Ces semaines-ci, le gouvernement et les syndicats cherchent à imposer leur agenda des négociations. Dans un contexte économique incertain marqué par une inflation galopante, on peut s’attendre à un affrontement musclé. Mais rassurons-nous : aucun chef syndical ne risque de finir en prison, comme ce fut le cas en 1972 !

Cette année-là, montre Olivier Ducharme dans son livre, bien de jeunes Québécois rêvaient de révolution malgré la répression d’octobre 1970 et la dissolution du FLQ. Nul besoin de souscrire aux vues de cet historien de gauche pour apprécier sa riche chronique de cette année ô combien turbulente. Le tableau qu’il peint de l’année 1972 est absolument saisissant !

VIVE LE SOCIALISME !

Notre époque est certes hantée par des débats acrimonieux sur des sujets délicats, mais le climat social n’a rien à voir avec celui du début des années 1970, alors que plusieurs rêvaient d’instaurer le socialisme et que les grèves se multipliaient.

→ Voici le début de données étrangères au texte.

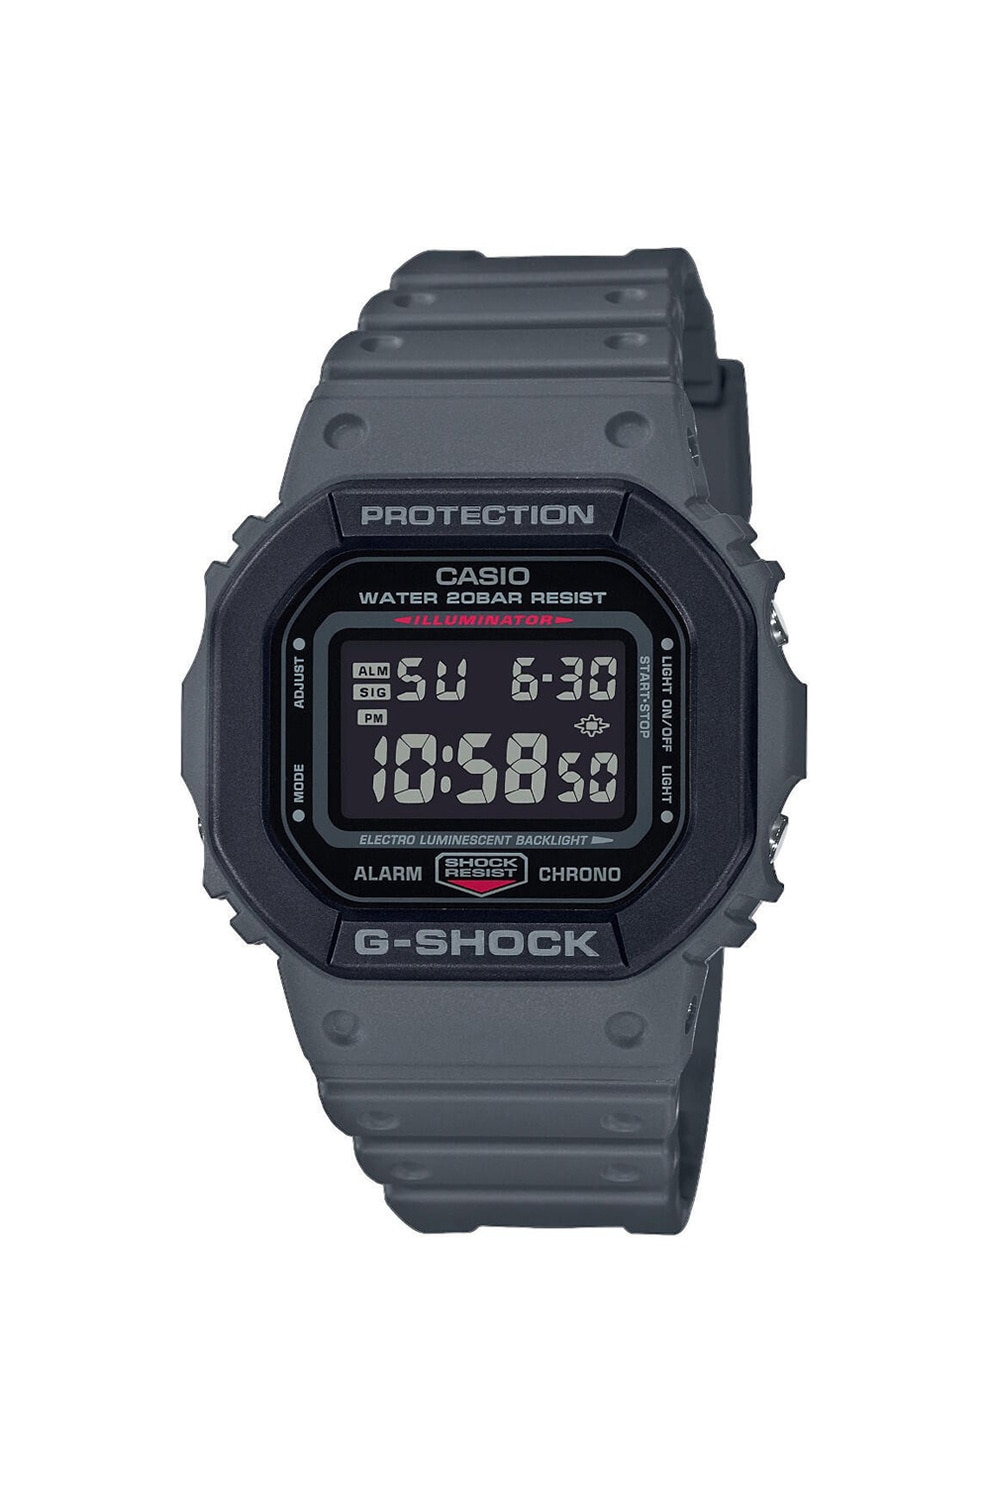 Fotografie Casio, Ceas digital cronograf G-Shock, Negru

En février, les cols bleus de Montréal déclenchent une grève. Coïncidence malheureuse : la tempête de neige du siècle s’abat sur les Montréalais. Leur ville, ensevelie sous 40 cm, est complètement paralysée. C’était avant la loi sur les services essentiels.

Le 7 mars, le bras de fer entre le gouvernement et le front commun syndical commence en force avec une grande assemblée qui se tient dans l’ancien Forum de Montréal.

« Les fonctionnaires doivent aller chercher le maximum, car ils vont forcer ainsi l’entreprise privée à offrir les mêmes avantages », lance l’orateur Michel Chartrand aux milliers de travailleurs gonflés à bloc.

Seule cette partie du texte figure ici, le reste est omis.